Обращение «Лёшка» (так говорила в своё время Яночка) мне было крайне приятно – остального я не понял… По другим своим воспоминаниям, первые минуты две я был ещё и как-то… счастлив, весьма самодовольно улыбался… Меня даже осенило, что маечка эта, кою я откопал среди старья, которое мама собиралась пустить на тряпки, мне удивительно идёт, это вполне себе стильно, брутально и секси – хотя обычно не мыслю в подобных категориях, а тогда я, наверно, их и вообще не знал – и если уж Яна не понимает, то… Я вижу звезду, думал я, звезда – это поток света, поток частиц, значит, частица звезды, чтобы я её увидел, влетает в мой глаз, в мой мозг. Она пролетела миллионы и миллионы кило­метров, летела тысячи и миллионы лет – в мой глаз!

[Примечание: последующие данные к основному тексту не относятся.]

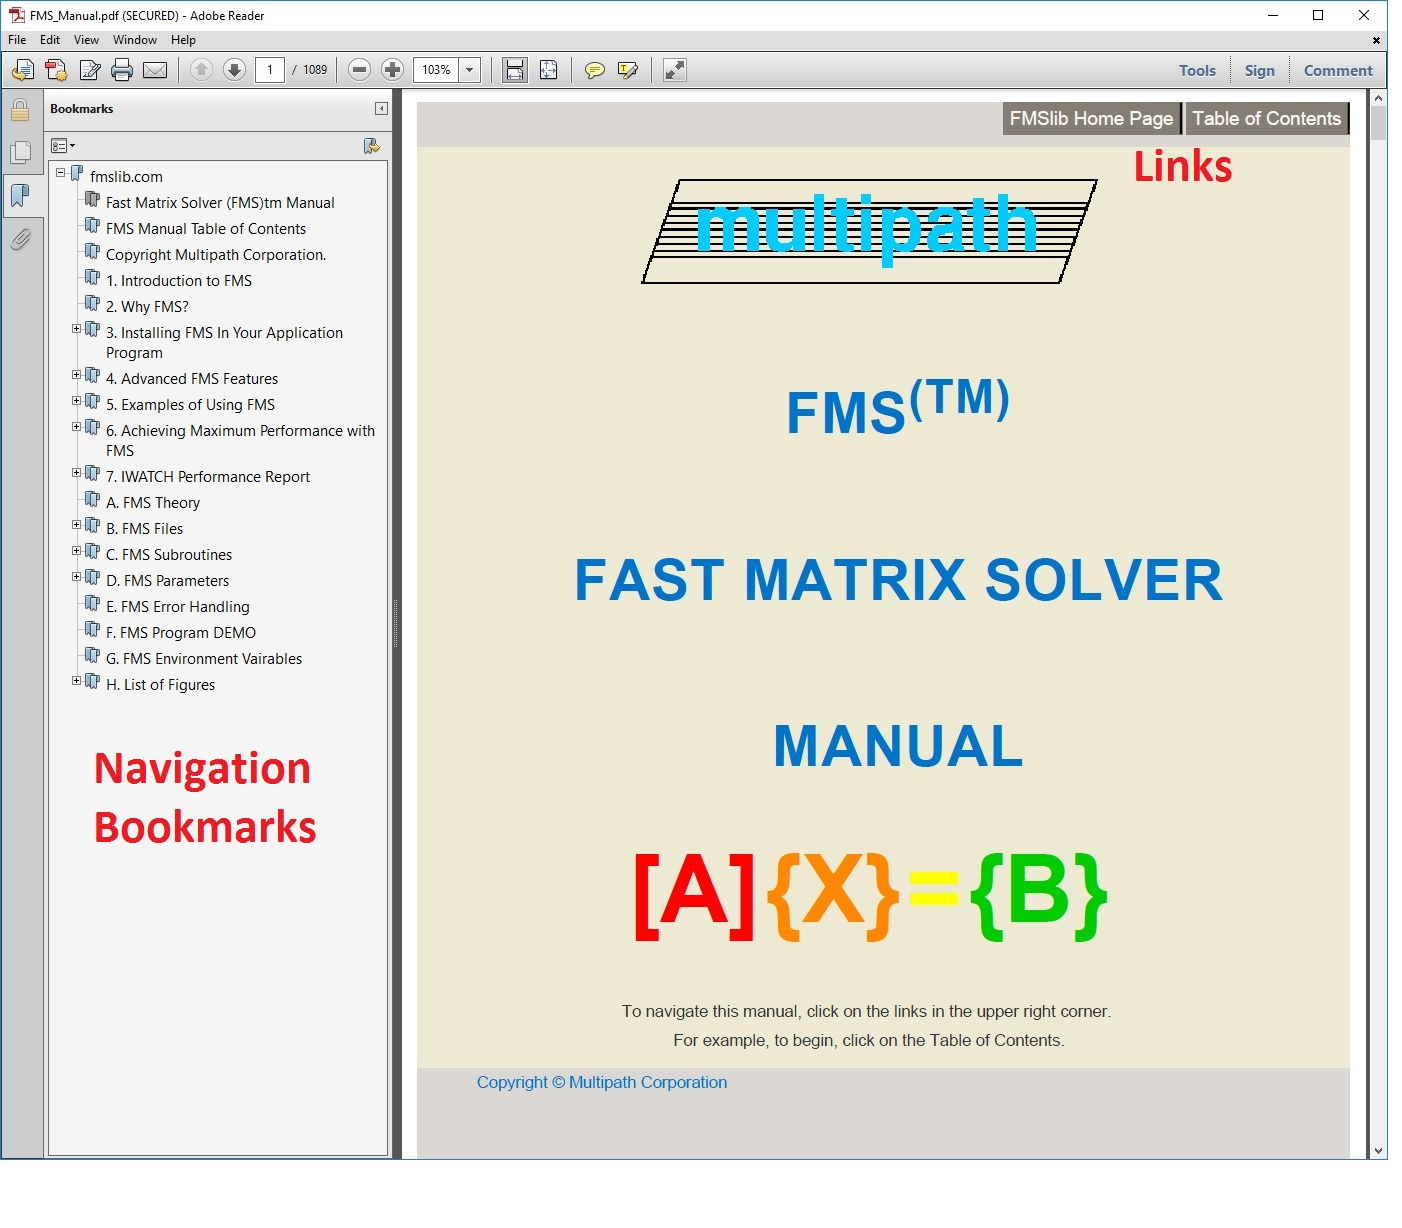 viewing the fms manual rh fmslib com
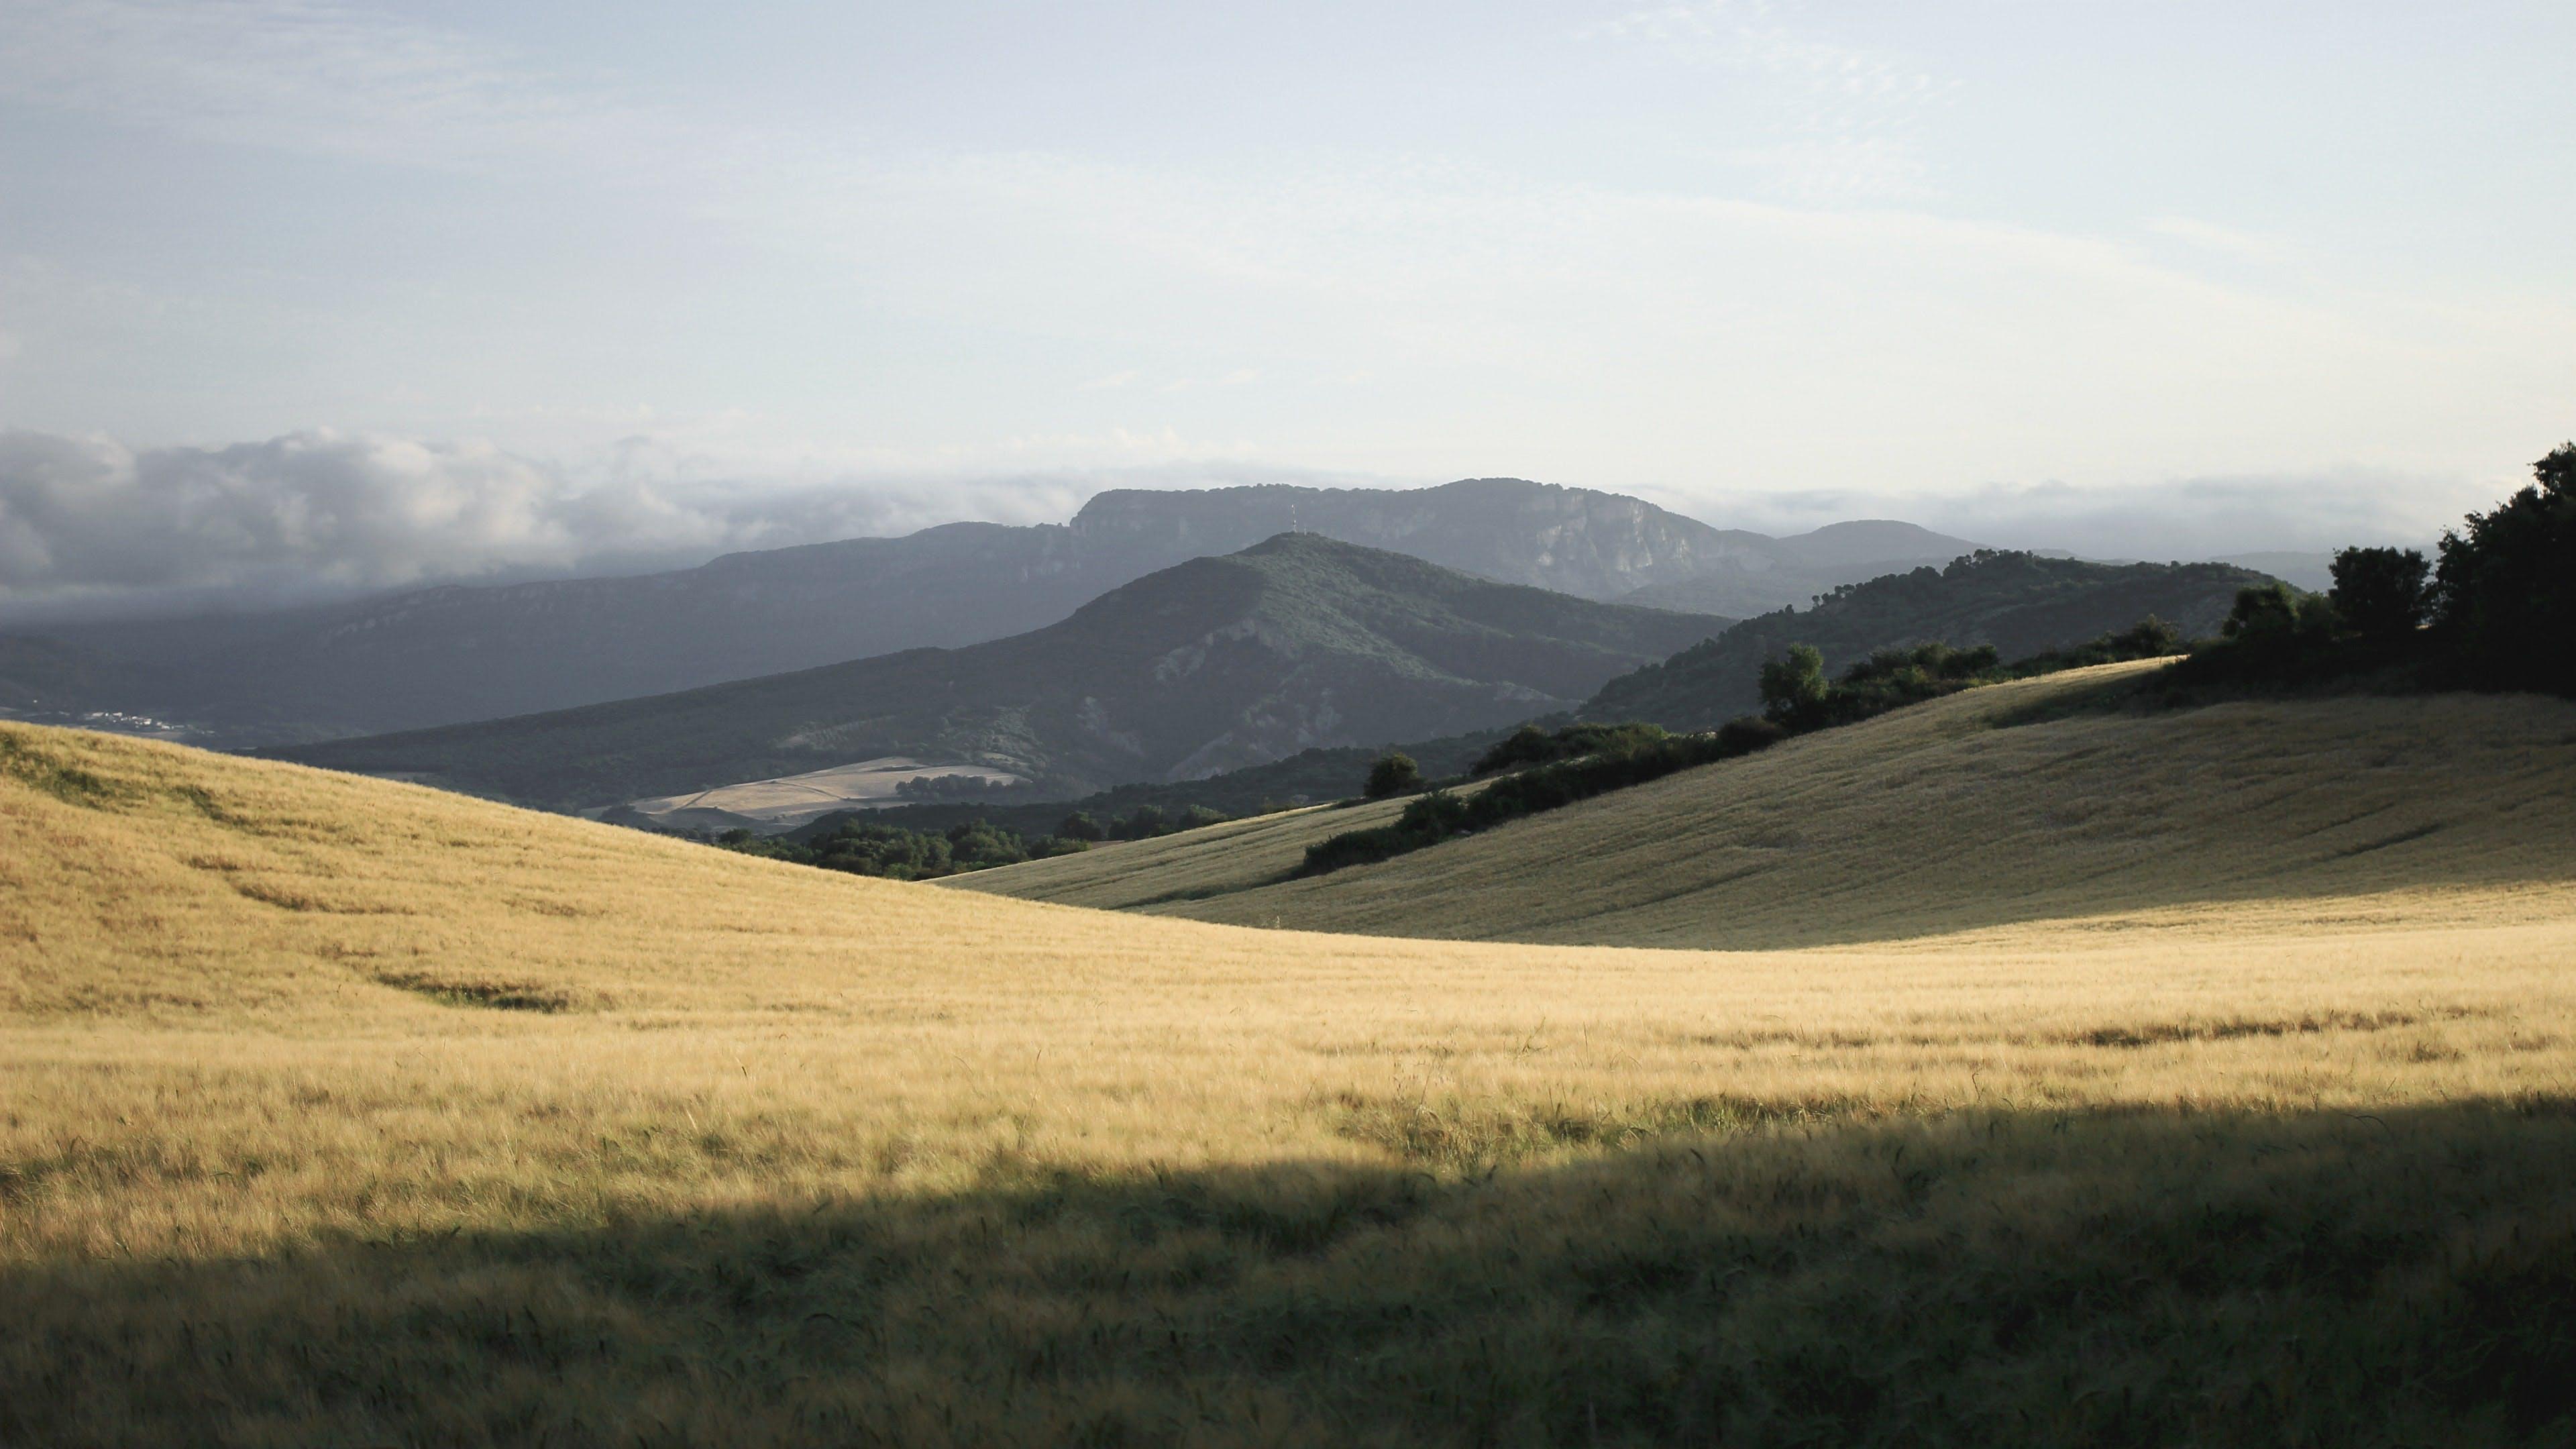 Camino de santiago - the best routes

Я тупо смотрел на при­севшую рядом одноклассницу, она теребила меня и о чём-то увещевала, а я между тем машинально ещё приговаривал «убью» и скрежетал зубами.

Тут я оз­верел – подбежал к мотоциклу и толк­нул его ногой. «Мотоцикл расколю, паскуда Гонилая!». (Гнилого я всегда опасался, если не сказать боялся). Мотоцикл (он сам, Цыган, зовёт его «жу-жу») куртыхнулся на редкость эффектно – прямо к порогу, зеркальце погну­лось и разбилось.

 

(…)

Когда я оклемался, то сообразил, что праздник кончился – Гниль и Ко­базь утекали на «жу-жу». «Догоню – убью!» - вяло продекламировал теперь уже Змей, высунув голову из лебеды. Светало, было зябко (хотя прошло, по-моему, всего с полчаса).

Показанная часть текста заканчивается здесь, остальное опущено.